Question

In a clinical test with 2161 subjects, 1214 showed improvement from the treatment. Find the margin of error for the 95% confidence interval used to estimate the population proportion.

Answer 1

Answer:

The margin of error for the 95% confidence interval used to estimate the population proportion is of 0.0209.

Step-by-step explanation:

In a sample with a number n of people surveyed with a probability of a success of $\pi$, and a confidence level of $1-\alpha$, we have the following confidence interval of proportions.

$\pi \pm z\sqrt{\frac{\pi(1-\pi)}{n}}$

In which

z is the z-score that has a p-value of $1 - \frac{\alpha}{2}$.

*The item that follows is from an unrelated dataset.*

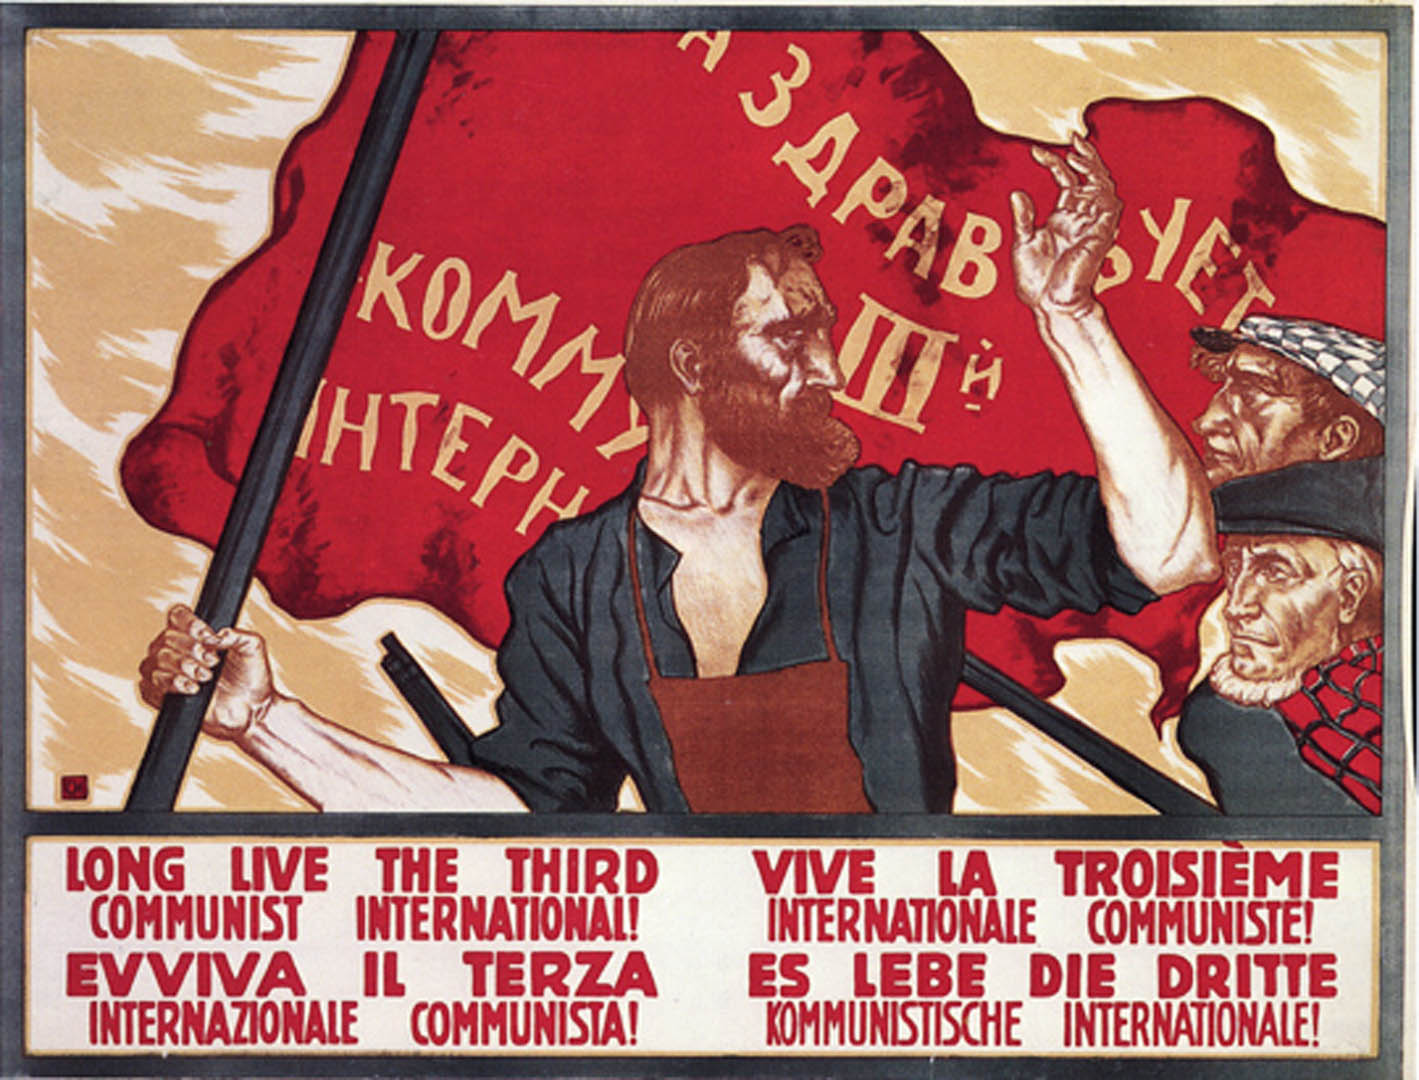 third-international-communist-meeting

The margin of error is of:

$M = z\sqrt{\frac{\pi(1-\pi)}{n}}$

In a clinical test with 2161 subjects, 1214 showed improvement from the treatment.

This means that $n = 2161, \pi = \frac{1214}{2161} = 0.5618$

95% confidence level

So $\alpha = 0.05$, z is the value of Z that has a p-value of $1 - \frac{0.05}{2} = 0.975$, so $Z = 1.96$.

Margin of error:

$M = z\sqrt{\frac{\pi(1-\pi)}{n}}$

$M = 1.96\sqrt{\frac{0.5618*0.4382}{2161}}$

$M = 0.0209$

The margin of error for the 95% confidence interval used to estimate the population proportion is of 0.0209.